STORED DATA:
- Opening Delimiter -

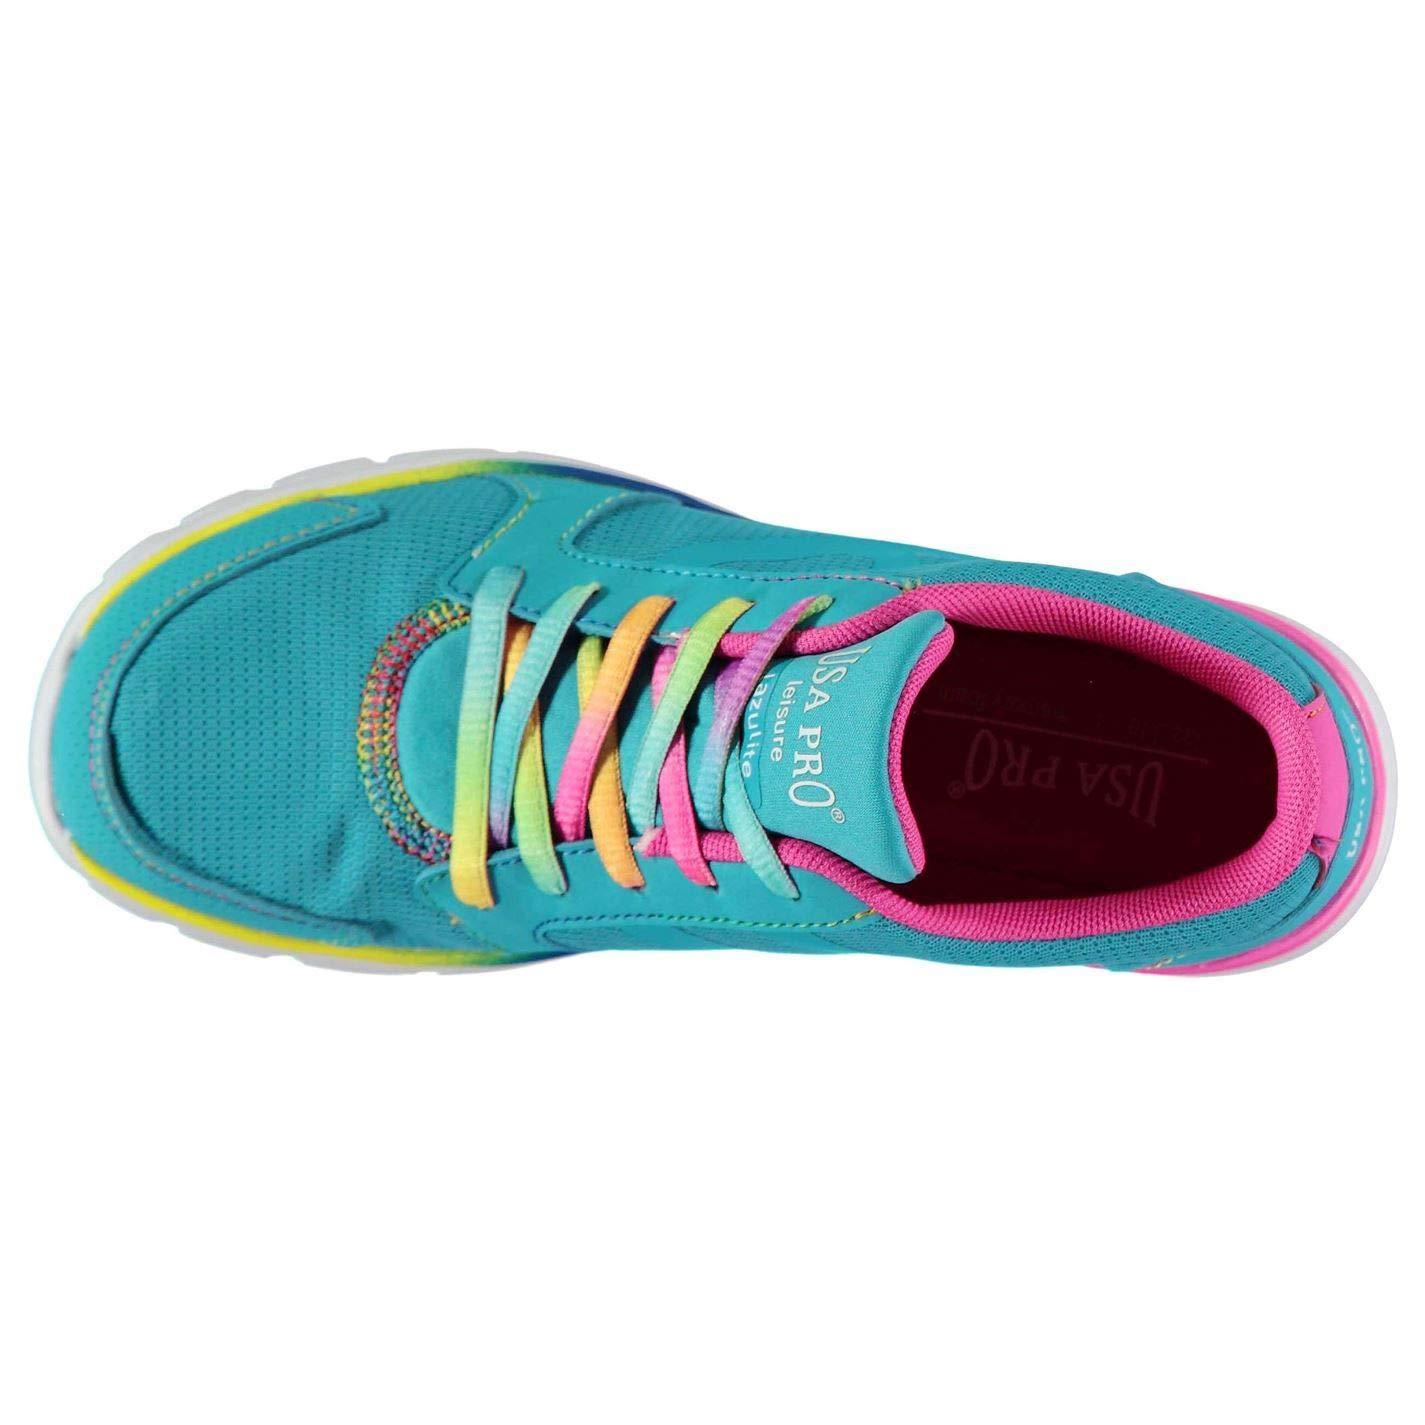 7d805a9390bd5 Amazon.com: USA Pro Lazulite Trainers Girls Blue Shoes Footwear (UK5 ...
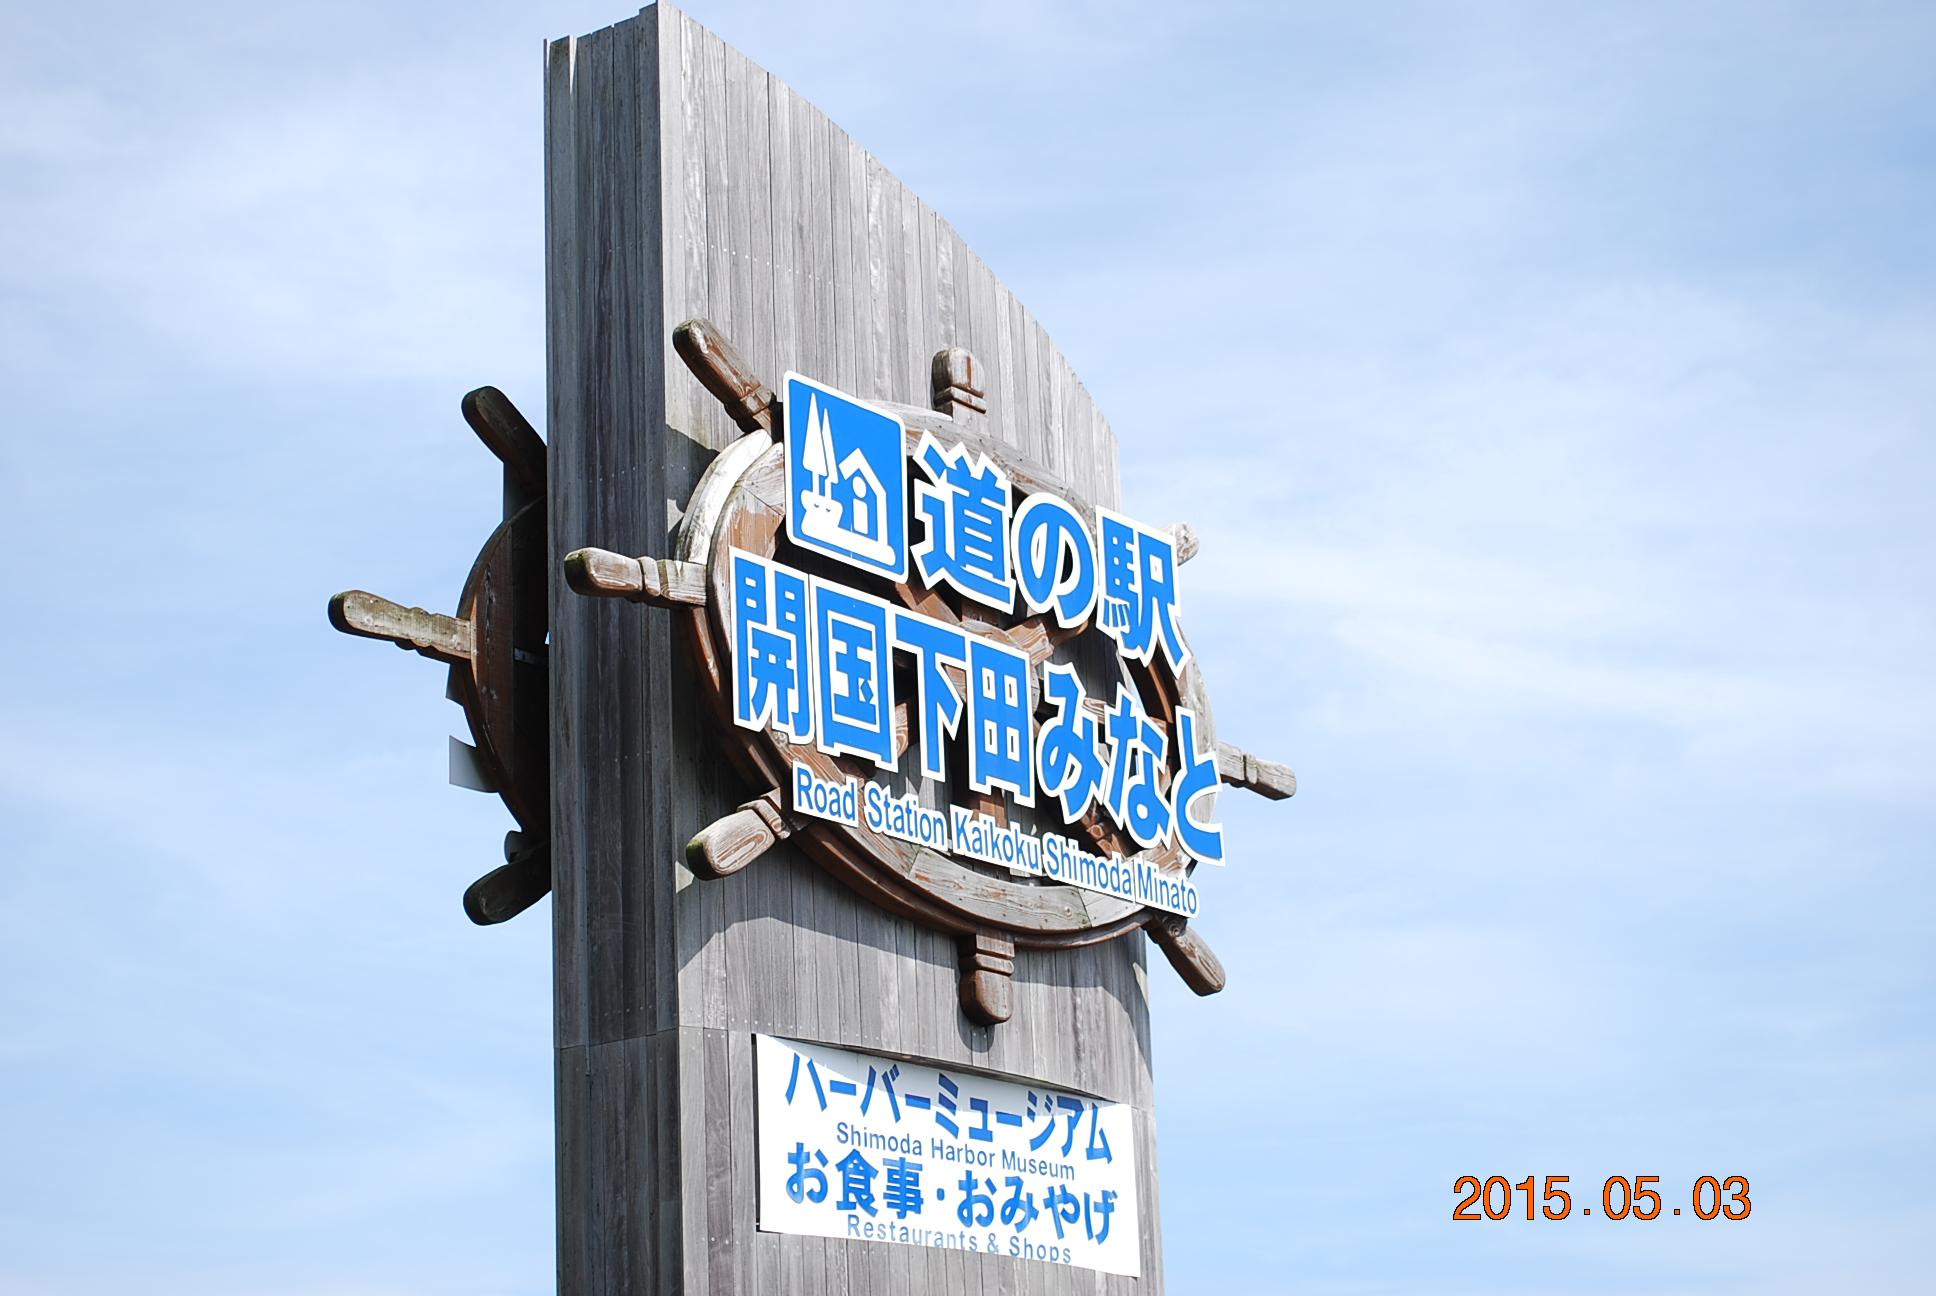 2015_0503_141328-DSC_4255.jpg
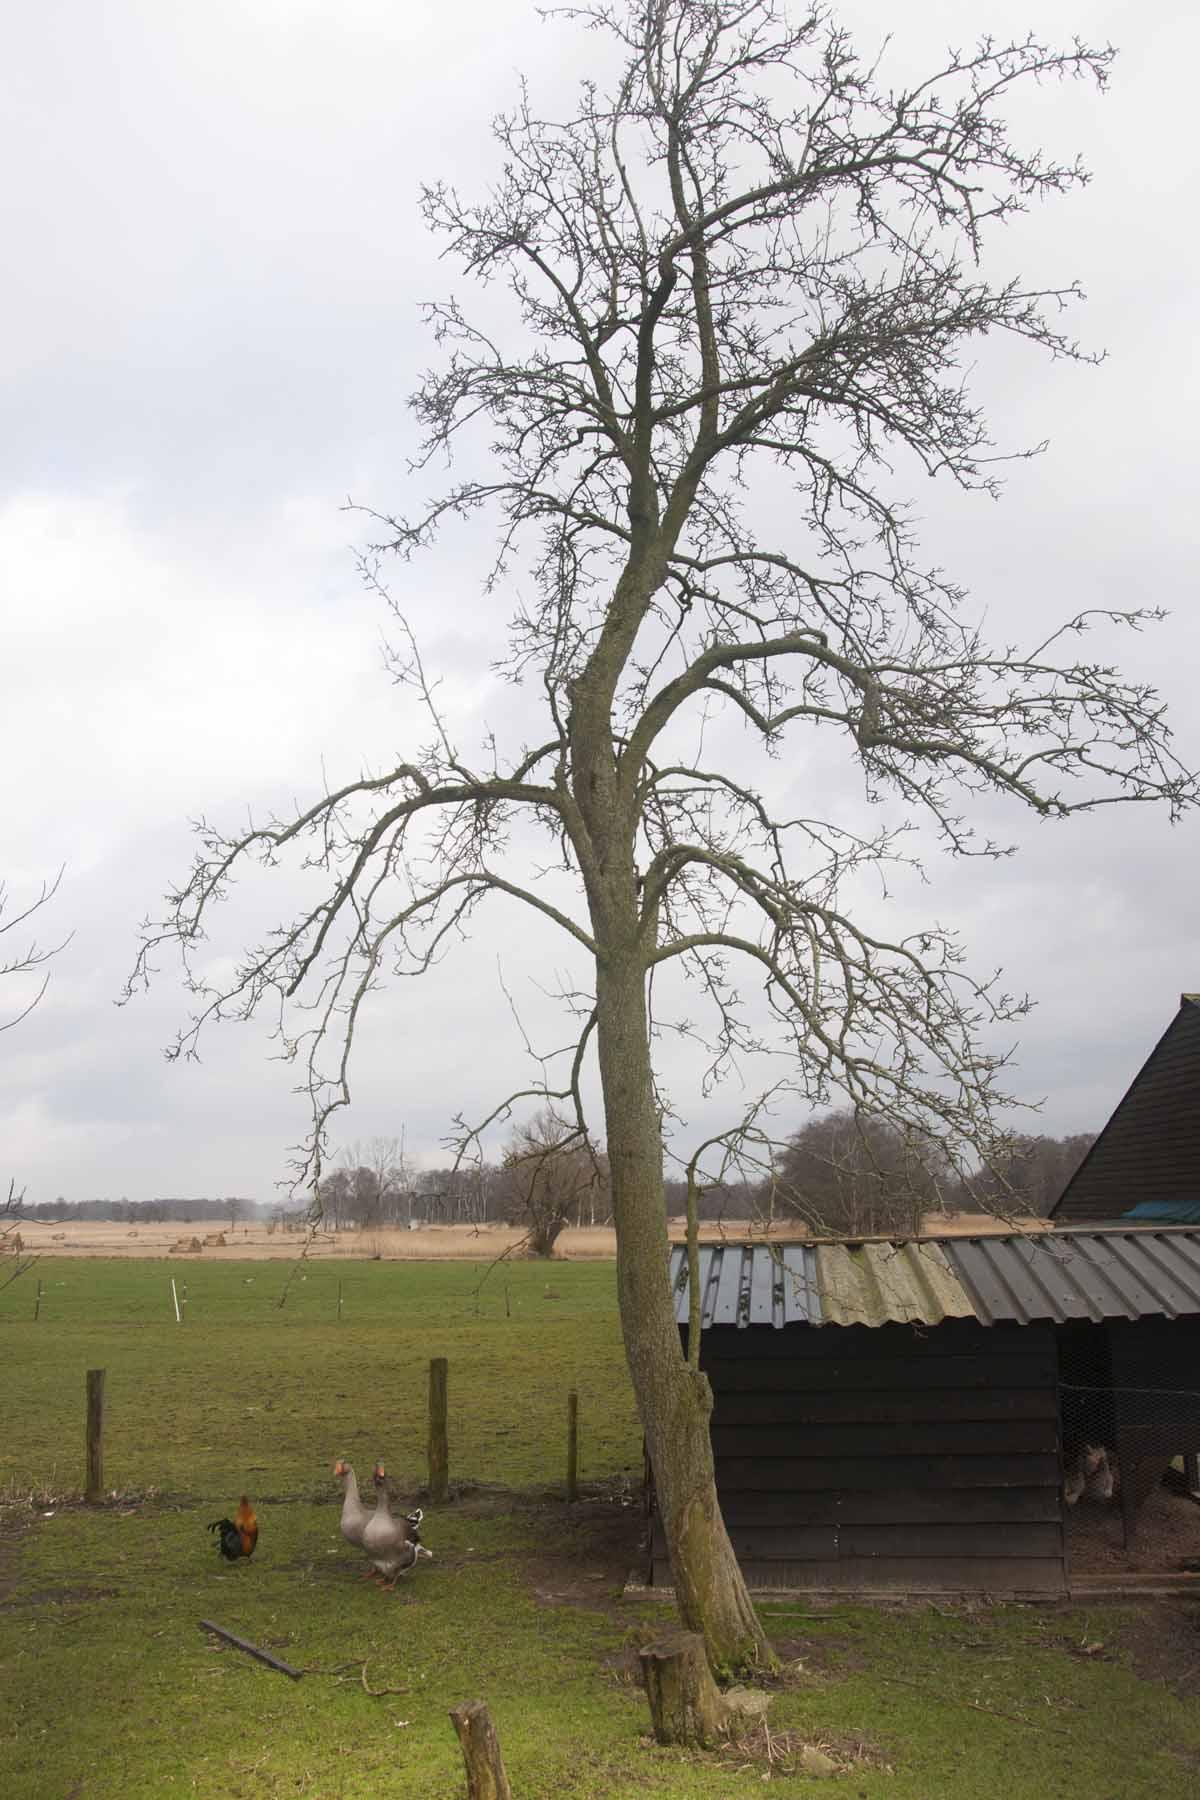 2014-02-22-hsb-st-jansklooster-5152

- Closing Delimiter -

WHAT YOU ARE ASKED TO DO:
Find the line with "2015_0503_141328-DSC_4255.jpg" in the listing above, then write it out along with every later line through the last one, exactly, omitting pictures.

COMPLETED TASK:
 2015_0503_141328-DSC_4255.jpg
 2014-02-22-hsb-st-jansklooster-5152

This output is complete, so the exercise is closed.